Karşılıklı değerlendirme sürecinden bu yana Hazine ve Maliye, Adalet ve İçişleri bakanlıkları, Türkiye’nin, FATF “gri listesinden” çıkarılmasına yönelik çok yoğun bir çalışma sergiledi. 40 tavsiyedeki hususlar birer birer yerine getirildi. Türk Ceza Kanunu’ndan Terörle Mücadele Kanunu’na Ceza Muhakemesi Kanunu’ndan Türk Ticaret Kanunu’na, Suç Gelirlerinin Aklanmasının Önlenmesi Hakkında Kanun’dan Terörizmin Finansmanının Önlenmesi Hakkında Kanun’a kadar mevzuatta düzenlemeler yapıldı. FATF, Ekim 2021’de yayımladığı duyurunun Türkiye ile ilgili bölümünde 7 hususa vurgu yaparken Haziran 2023 Genel Kurulu sonrasında bu hususların sayısı 2’ye düştü. Söz konusu eksiklikle ilgili çalışmalar için kara para aklama ve terörizmin finansmanıyla mücadelede görevli ihtisas mahkemelerinin ve savcılıklarının belirlenmesinin ardından özel soruşturma büroları kuruldu. MASAK yeniden yapılandırılırken tüzel kişiler için risk analizi çalışması tamamlanarak, suç gelirlerinin aklanması ve terörizmin finansmanında etkinliğin artırılmasına ilişkin Ulusal Strateji Belgesi yürürlüğe konuldu. Son olarak kripto varlıklarla ilgili düzenleme de Singapur’daki toplantı öncesi TBMM’de kabul edildi ve bu varlıklar konusunda Sermaye Piyasası Kuruluna çeşitli yetkiler verildi. Böylece Türkiye, 40 tavsiyenin tamamını yerine getirmiş oldu.
8- HANGİ ÜLKELER GRİ LSTEDE YER ALIYOR?
FATF’ın Singapur’daki Genel Kurulu’nda yapılan değerlendirmeler sonucu Monako ve Venezuela kara para aklama ve terörizmin finansmanıyla mücadele konusunda “eksiklikleri olduğu” gerekçesiyle gri listeye alındı. Bu iki ülkenin yanı sıra Bulgaristan, Burkina Faso, Kamerun, Hırvatistan, Demokratik Kongo Cumhuriyeti, Haiti, Mali, Mozambik, Nijerya, Filipinler, Senegal, Güney Afrika, Güney Sudan, Tanzanya ve Vietnam FATF’in artırılmış izleme sürecinde kalmaya devam etti.
9- GRİ LİSTEDEN ÇIKMANIN FAYDALARI NELER?

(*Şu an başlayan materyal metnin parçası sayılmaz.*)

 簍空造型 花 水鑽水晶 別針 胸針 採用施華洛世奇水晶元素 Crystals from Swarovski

Türkiye’nin gri listeden çıkmasının finansal sistemine olan güveni daha da güçlendirmesi, bankacılıktan reel sektöre kadar pek çok alanda olumlu yansımalarının görülmesi bekleniyor. Bu sayede bankaların uluslararası finansal ilişkilerinin güçlenmesi ve kredi notlarının artması öngörülüyor. Böylece bankaların daha düşük maliyetle fonlama sağlayabileceği ve uluslararası piyasalardan daha fazla kaynak bulabileceği değerlendiriliyor. Enerjiden inşaat ve altyapıya, turizmden sanayi ve imalata, gayrimenkulden diğer sektörlere kadar kararın uluslararası alanda olumlu etkilerinin hissedilmesi bekleniyor.

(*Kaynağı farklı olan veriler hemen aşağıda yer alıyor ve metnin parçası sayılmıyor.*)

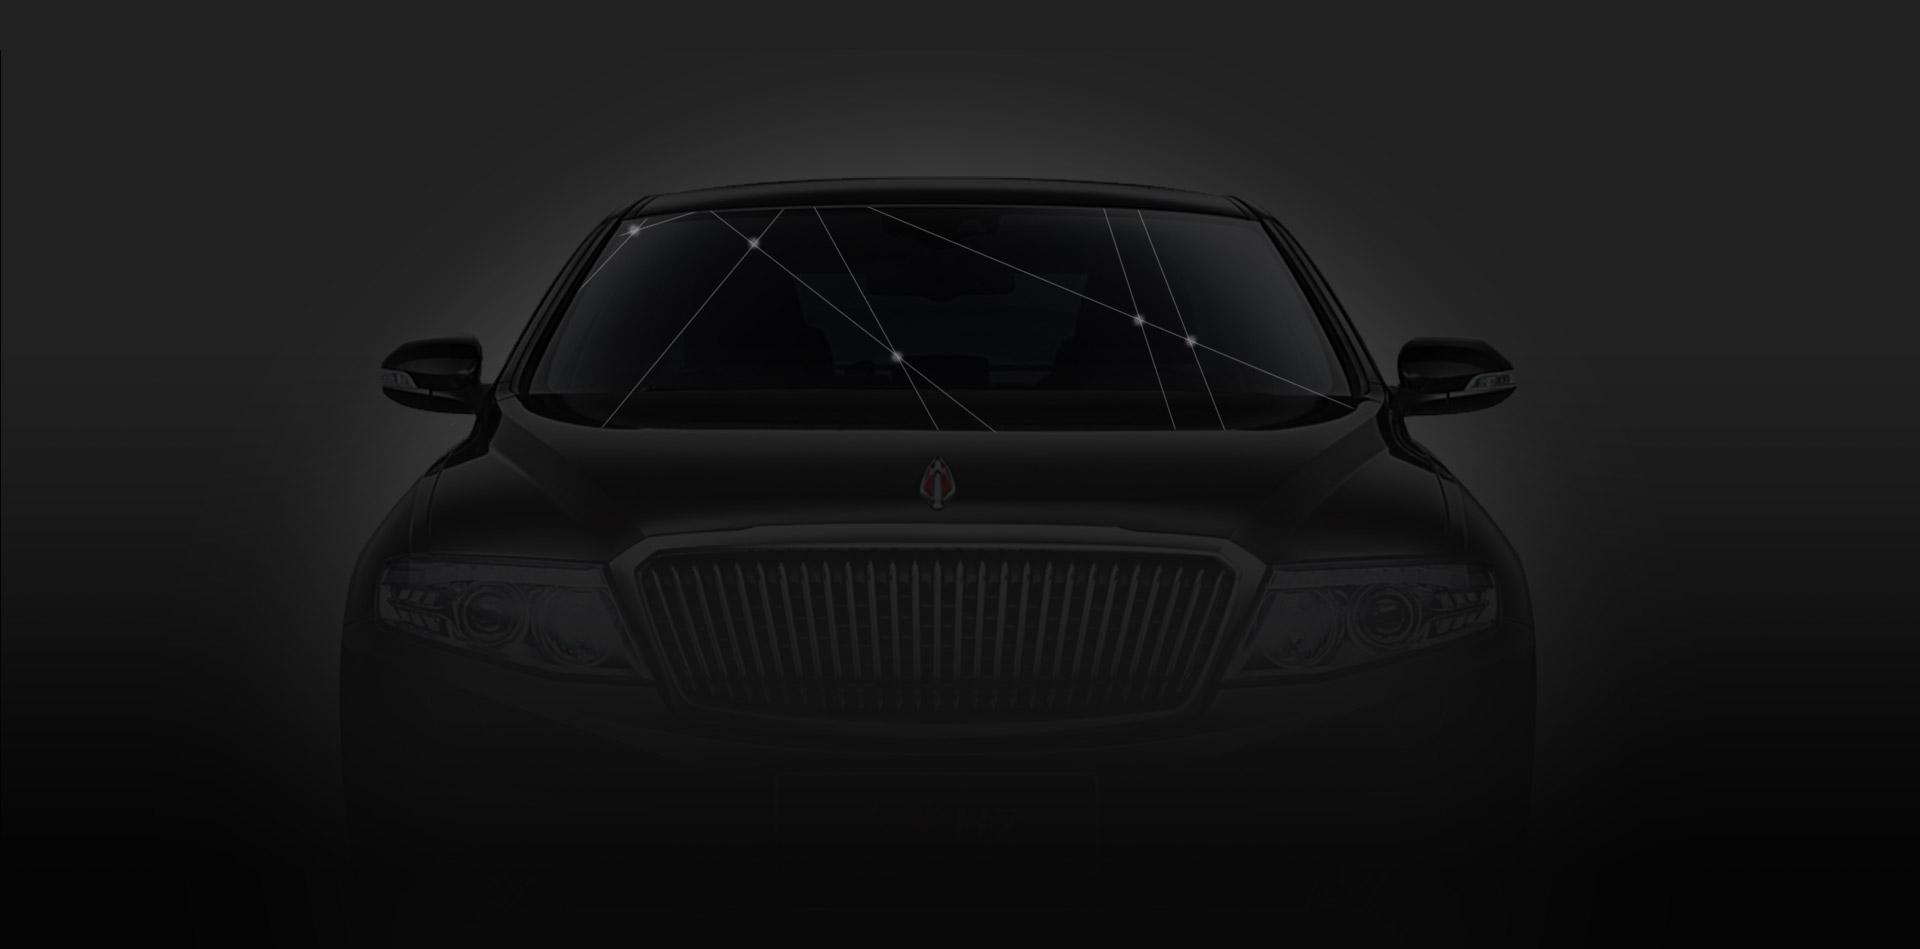 PH vitres d'autos - slide automobile noir

10- BUNDAN SONRA NELER OLACAK?
Türkiye’nin gri listeden çıkışının özellikle uluslararası ekonomik ilişkilerde olumlu yansımalarının olması bekleniyor. Ülkenin finansal sistemine güvenin artmasına paralel olarak uygulanan ekonomik program hedeflerine ulaşılmasının kolaylaşması öngörülüyor.
Hazine ve Maliye Bakanlığı, “Türkiye, terörizmin finansmanı ve kara paranın aklanmasıyla mücadelesini bundan sonra da uluslararası standartlarla tam uyum içinde kararlılıkla yürütecektir” mesajı verirken MASAK ve diğer kurumların idari ve teknik kapasitesinin daha da güçlendirileceğini, gerektiğinde yasal ve idari düzenlemelerin hayata geçirileceğini vurgulamıştı. Ayrıca, kararın Türkiye’ye uluslararası kaynak girişini hızlandırıcı etkide bulunması ve borçlanma maliyetleri üzerinde de pozitif etki yaratacağı tahmin ediliyor. Türk lirası varlıklara ilginin artması da beklentiler arasında yer alıyor.